3.1 Simple Window Function
So far, I have solved such tasks in this way:
Here I want to view which people joined the company in January 2020 and how many there were in total for the month.
SELECT Firstname,
Lastname,
DATENAME(month, StartDate) + ' ' + DATENAME(year, StartDate) AS Date_Started,
(SELECT COUNT(*)
FROM company
WHERE MONTH(StartDate) = 1 AND YEAR(StartDate) = 2020) AS total_num_employees_for_january_2020
FROM company
WHERE MONTH(StartDate) = 1 AND YEAR(StartDate) = 2020
ORDER BY StartDate
;
I use the subquery to calculate how many people were hired in January 2020 and get this information tailored to the same time period (second WHERE statement) for each person.
This time with a window function:
SELECT Firstname,
Lastname,
DATENAME(month, StartDate) + ' ' + DATENAME(year, StartDate) AS Date_Started,
COUNT(*) OVER() As total_num_employees_for_january_2020
FROM company
WHERE MONTH(StartDate) = 1 AND YEAR(StartDate) = 2020
ORDER BY StartDate
;
Same output, less code!
Now I no longer filter by january but have all employees who started between 2019 and 2020 output:
SELECT Firstname,
Lastname,
DATENAME(day, StartDate) + ' ' +
DATENAME(month, StartDate) + ' ' +
DATENAME(year, StartDate) AS Date_Started,
COUNT(*) OVER() As total_num_employees
FROM company
ORDER BY StartDate
;
Based on the output, we can see that Zula (first person in the table) was one of 1804 people hired in 2019-2020. For the used window functions all possible aggregate functions like SUM(), AVG(), MIN(), MAX() … can be used.
3.2 PARTITION BY & ORDER BY
Partitions allow you to filter the window into sections by certain values. Each section is called the window frame. Partition by is the ‘group by’ equivalent in a window functions.
SELECT Firstname,
Lastname,
DATENAME(day, StartDate) + ' ' +
DATENAME(month, StartDate) + ' ' +
DATENAME(year, StartDate) AS Date_Started,
COUNT(*) OVER(PARTITION BY StartDate) As total_num_employees
FROM company
;
Here we see that Zula (line 1) was one of 7 people who started on 01/01/2019. In contrast, only one person started on 01/02/2019: Jennette (line 8).

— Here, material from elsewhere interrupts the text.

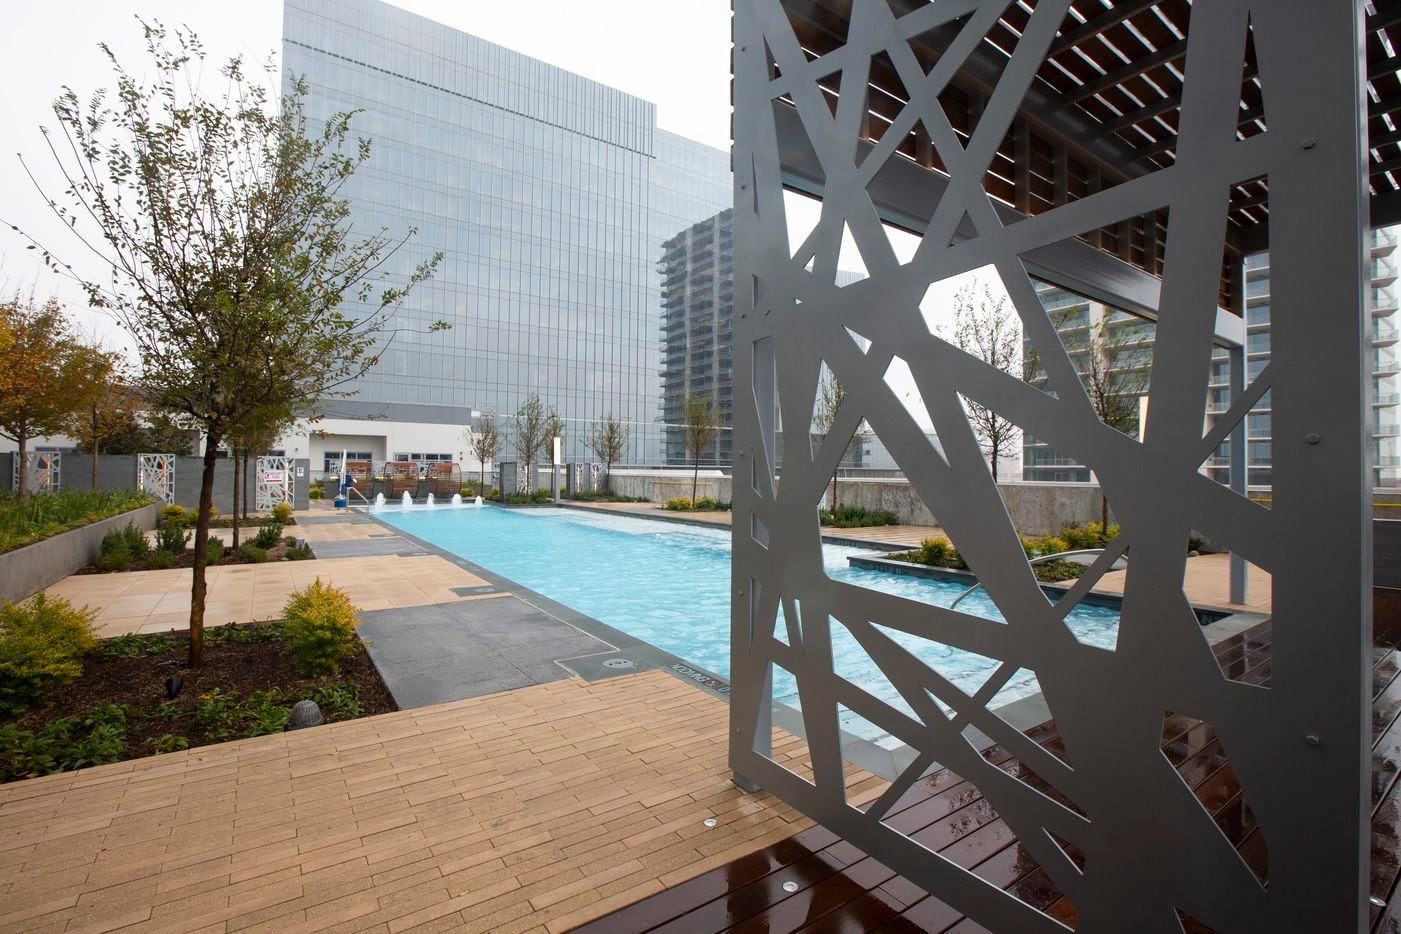 The eighth-floor pool deck the new LVL29 apartment high-rise in Plano on Tuesday, Nov. 5,...

If we use only ORDER BY instead of PARTITION BY in the OVER statement we get an aggregation of the variable ‘total_num_employees’.
SELECT Firstname,
Lastname,
DATENAME(day, StartDate) + ' ' +
DATENAME(month, StartDate) + ' ' +
DATENAME(year, StartDate) AS Date_Started,
COUNT(*) OVER(ORDER BY StartDate) As total_num_employees
FROM company
;
Let’s notice again Zula in line one we see that she is still one of 7 people who started on 01.01.2019. But if we now look at Jennette (line 8) we see that the total number of employees has increased from 7 to 8 (7 persons on 01/01/2019 and 1 person on 02/01/2019). Jennette is therefore one of 8 people who joined the company before or with her. If we go one line further, it becomes even clearer. Two more people join on 01/03/2019. So far we have had 8 new hires before 01/03/2019, accordingly here the aggregation jumps to 10 (8 previous and 2 for 01/03/2019).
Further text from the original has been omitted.